6 мая 1891 г., то есть в свой день рождения, Цесаревич получил письмо от Державного отца: «От всей души благодарим Господа, милый мой Ники, за Его великую милость, что Он сохранил Тебя нам на радость и утешение. До сих пор ещё не верится, чтобы это была правда, что действительно Ты был ранен, что всё это не сон, не отвратительный кошмар»{264}.
Написал письмо и самый младший брат, 12-летний Великий Князь Михаил: «Мне было очень грустно, когда я узнал, что случилось с Тобою в Японии. Слава Богу, что раны не были очень опасны. Я буду ужасно рад, когда Ты вернёшься и Георгий также. Миша»{265}.
Хотя серьёзных последствий удар не имел, Николай II до конца жизни страдал головными болями. 25 мая 1891 г. Николай Александрович записал в своём дневнике: «Вечером Рамбах вынул с головы последний шов и снял весь шрам»{266}.

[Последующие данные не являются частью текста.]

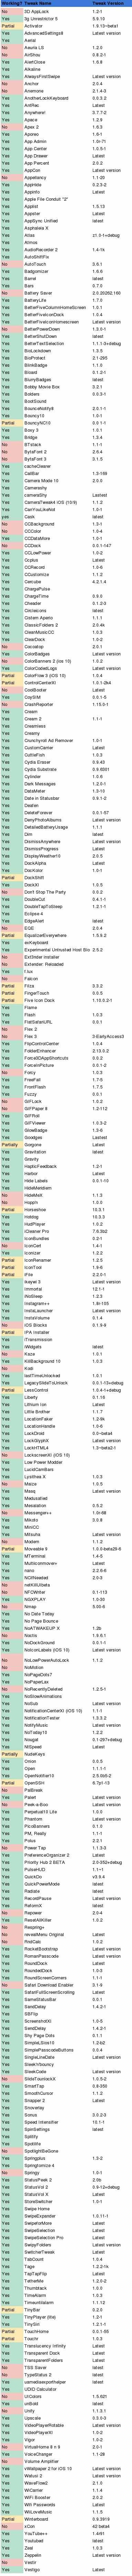 List: iOS 10 3 3 Jailbreak Tweaks Compatibility For 64-Bit
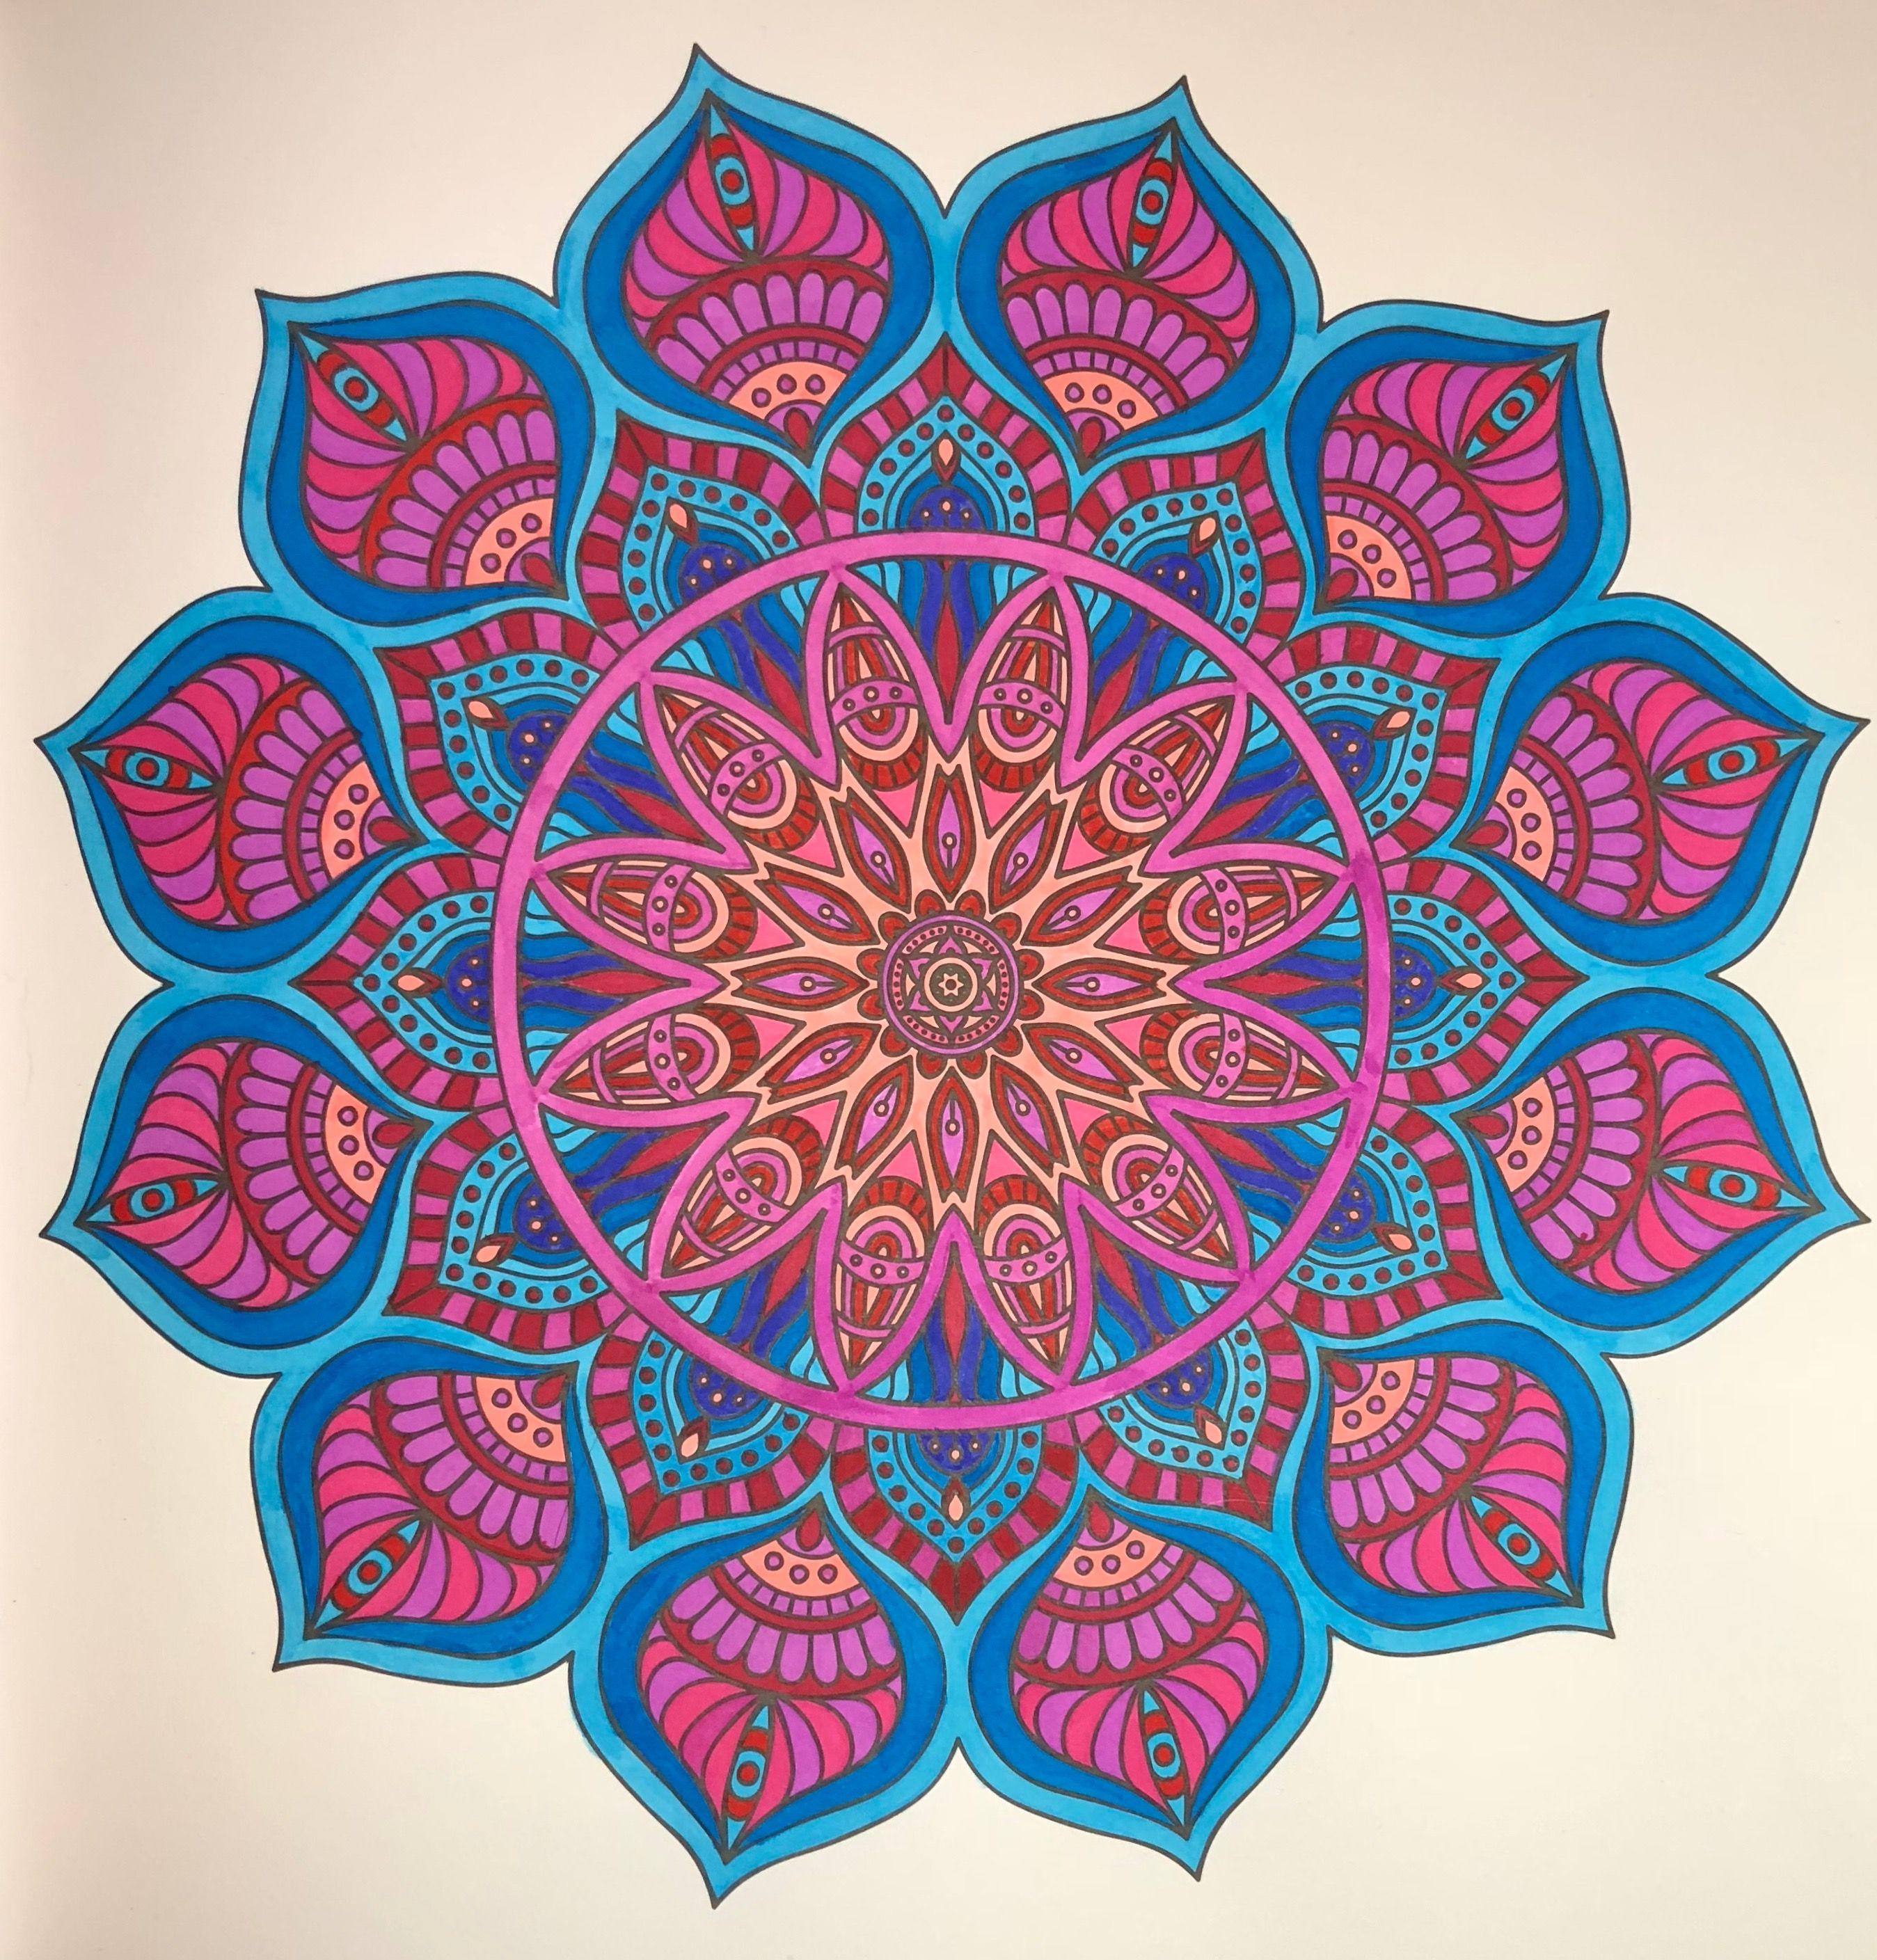 Yoga And Meditation Coloring Book For Adults With Yoga Poses And Mandalas Paginas Para Colorear De Animales Dibujos Para Colorear Adultos Libro De Colores

Впоследствии появилось расхожее мнение, что будто бы покушение в Оцу настроило Императора Николая II враждебно в отношении Японии и будто бы это стало причиной войны с нею. В частности, С. Ю. Витте в своих воспоминаниях писал, что покушение «вызвало в душе будущего Императора отрицательное отношение к японцам…»{267}. Однако эти домыслы опровергаются самим Государем. Сразу же после покушения он писал матери: «Япония так же нравится мне и теперь, как раньше, и случай со мной 29 апреля не оставил во мне никакого неприятного чувства»{268}. В том же письме Николай Александрович сообщал, что его «очень тронуло, что японцы становились на колени при проезде на улице и имели печальные лица»{269}.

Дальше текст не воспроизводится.